For MLP, $X' = WX$, where $X'\in \mathcal{R}^{N\times C}$ and $X \in \mathcal{R}^{N\times C}$ are output and input features with token length $N$ and channel number $C$, and $W \in \mathcal{R}^{N\times N}$ are learnable parameters. Each position $i \in [0, 1, 2, 3, ..., N-1]$ has corresponding parameters $W_{i, :} \in \mathcal{R}^{1 \times N}$. Thus, the positional embedding is not needed for MLP models.

jizongFox commented 2 years ago

Hello Yu,

I am convinced by your answer and thank you a lot. However for MLP, the network may not be able to recognize the position relationship along x and y axis if the positional embedding is not included. It can only retain a relationship for flatten vectors. Does this make any sense?
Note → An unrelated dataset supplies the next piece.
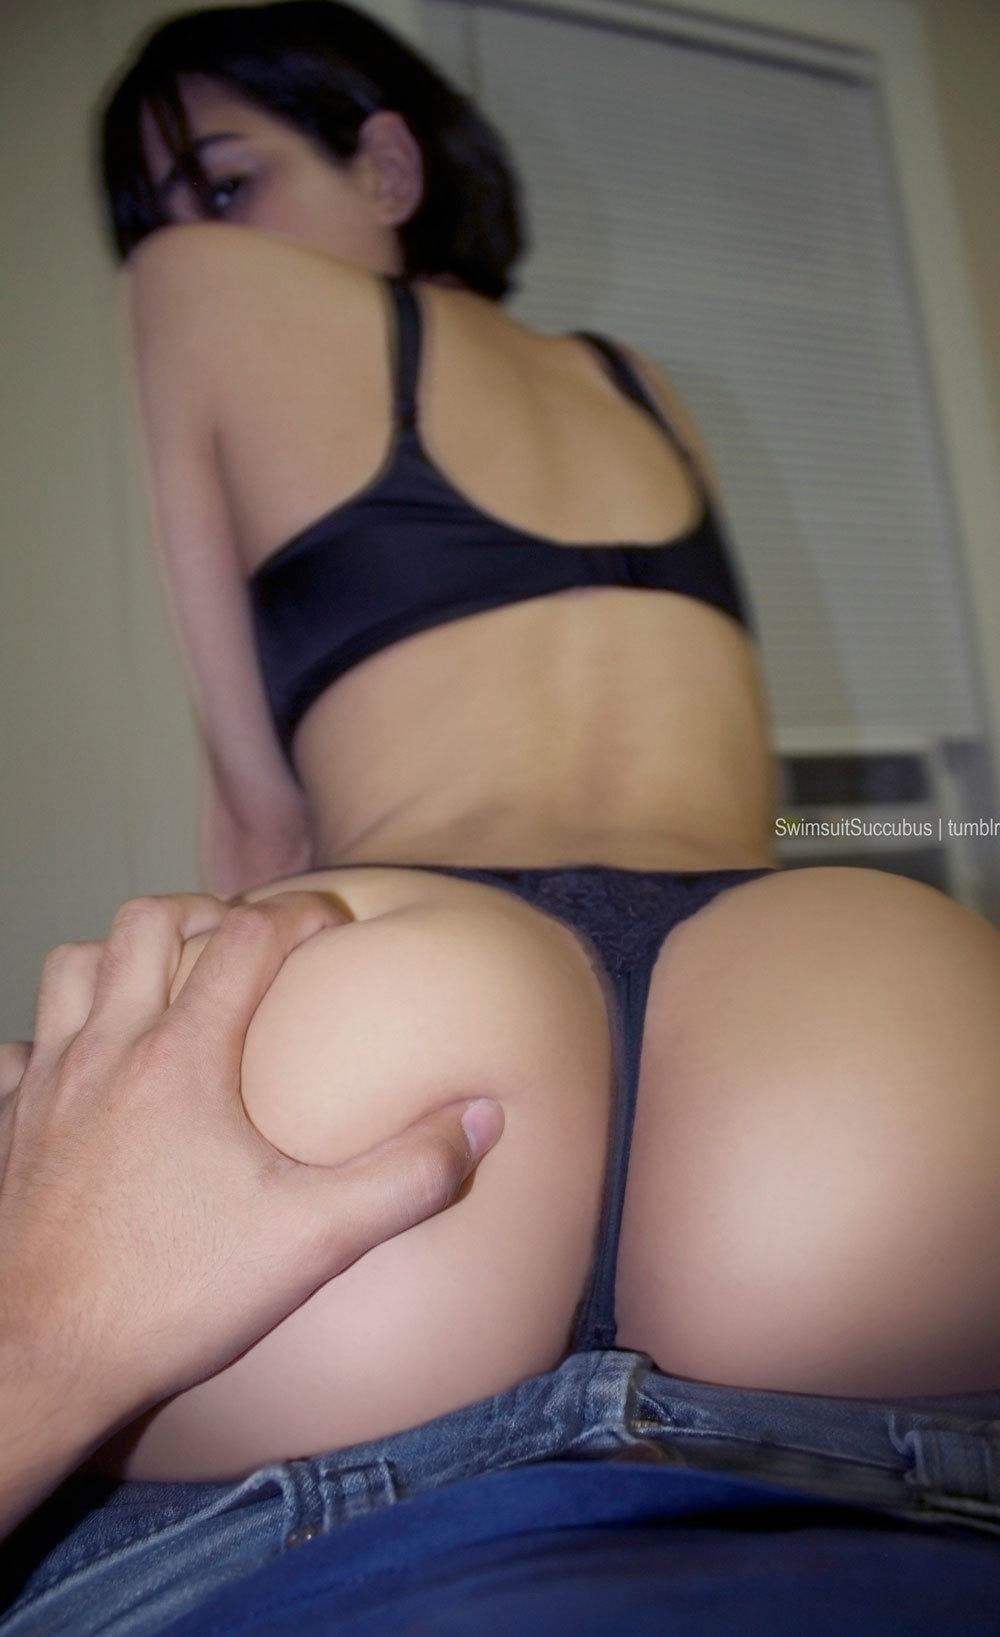 Cuckold Interracial Sex Video Best Porn Tubes Videos
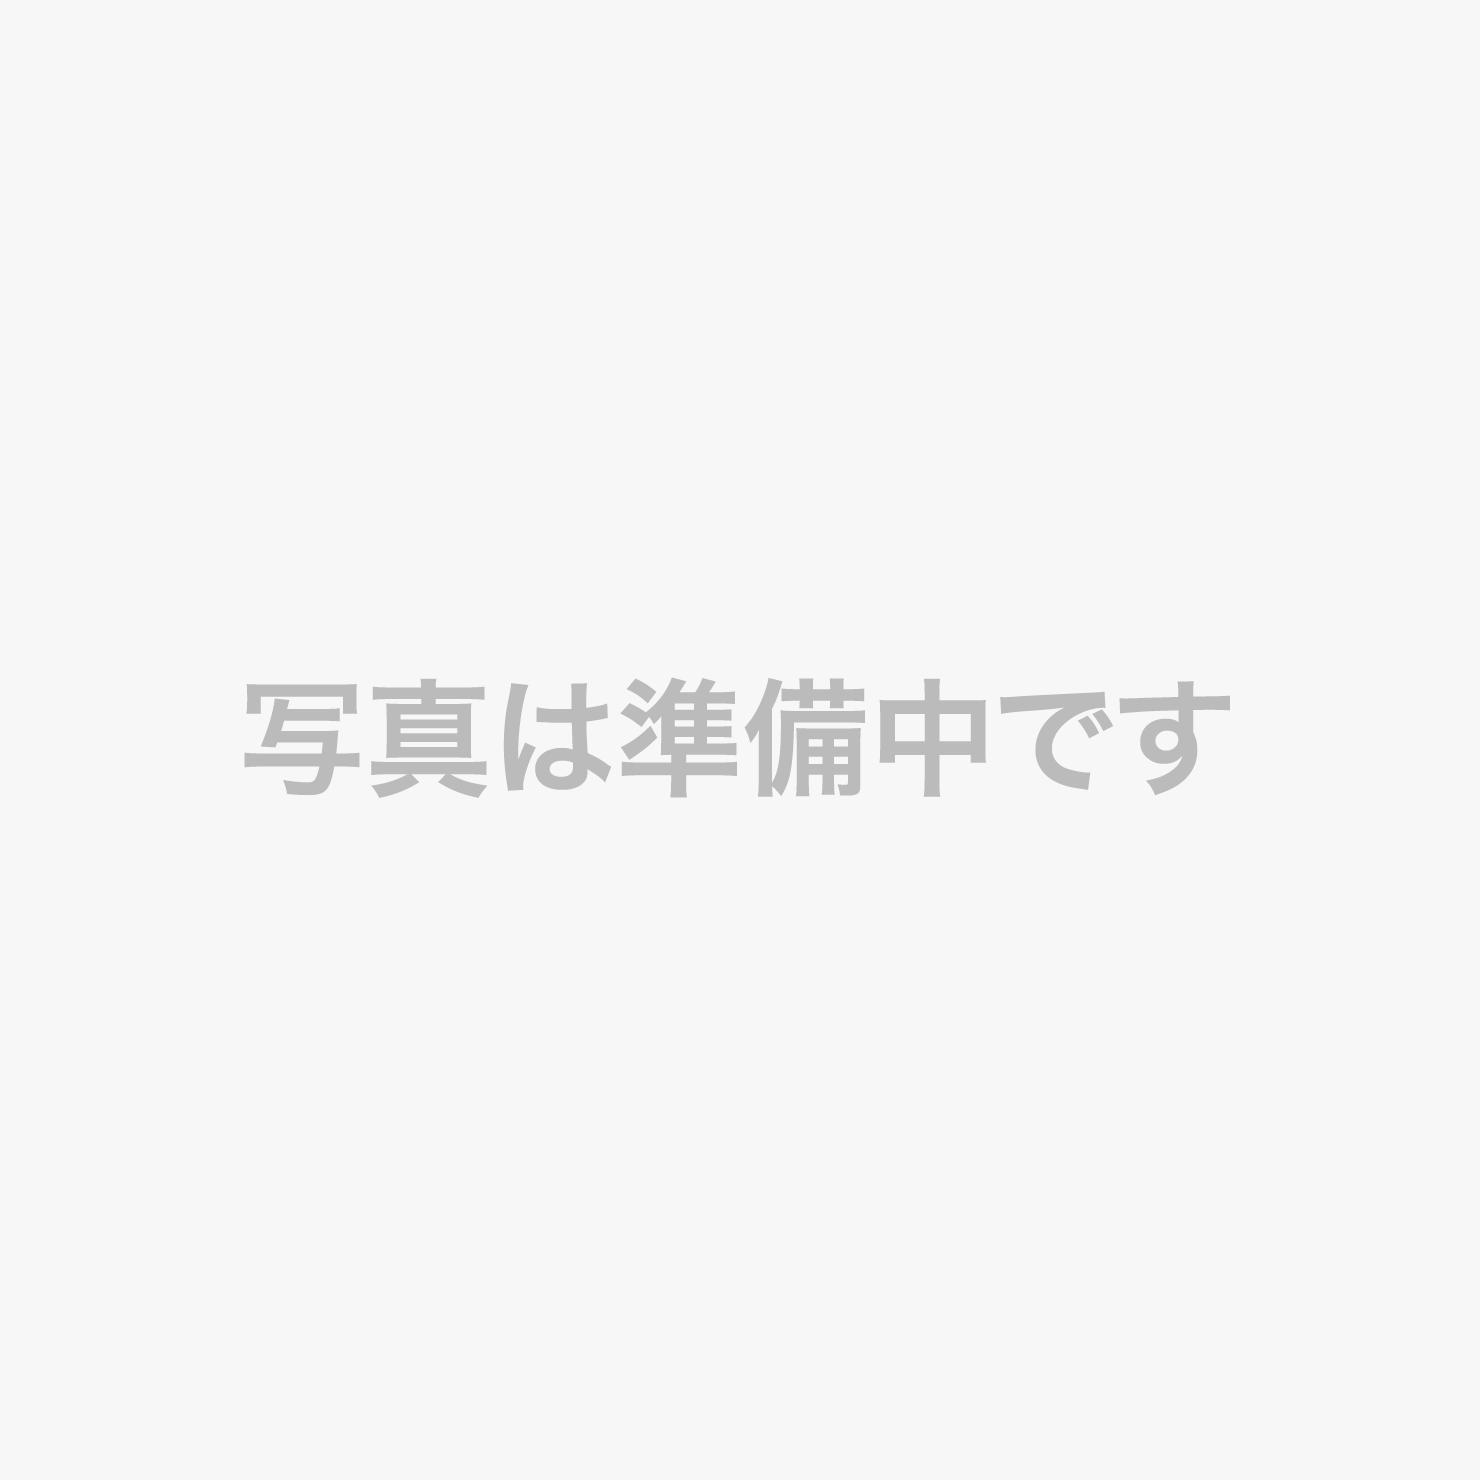 長野県らしい朝ごはんってどんなメニューか想像できますか??山の幸、元気の源をお届けします

yuweihao commented 2 years ago

Hi @jizongFox ,

In my opinion, MLP models can recoginize 2D structure by training from large amount of images. For position $i \in [0, 1, 2, ..., N-1]$ corresponding learnable parameters $W{i, :} \in \mathcal{R}^{1\times N}$, reshape it as $M^i = \mathrm{Reshape}(W{i, :}) \in \mathcal{R}^{H \times W}$ where $H$ is the height, $W$ is the width and $N = HW$. If we visualize the $M^i$, it can be seen that $M^i{j, k}$ ($j = i // W$, $k=i$%$W$) and its nearby positions $M^i{p, q}$ ($p \in [j-1, j, j+1]$, $q \in [k-1, k, k+1]$ if have) will have large scores. You can refer to the visualization examples from Figure 2 and Figure B.1 in ResMLP paper.

jizongFox commented 2 years ago

Thank you for your reply. I will carefully read these works and reopen the issue if my question persists.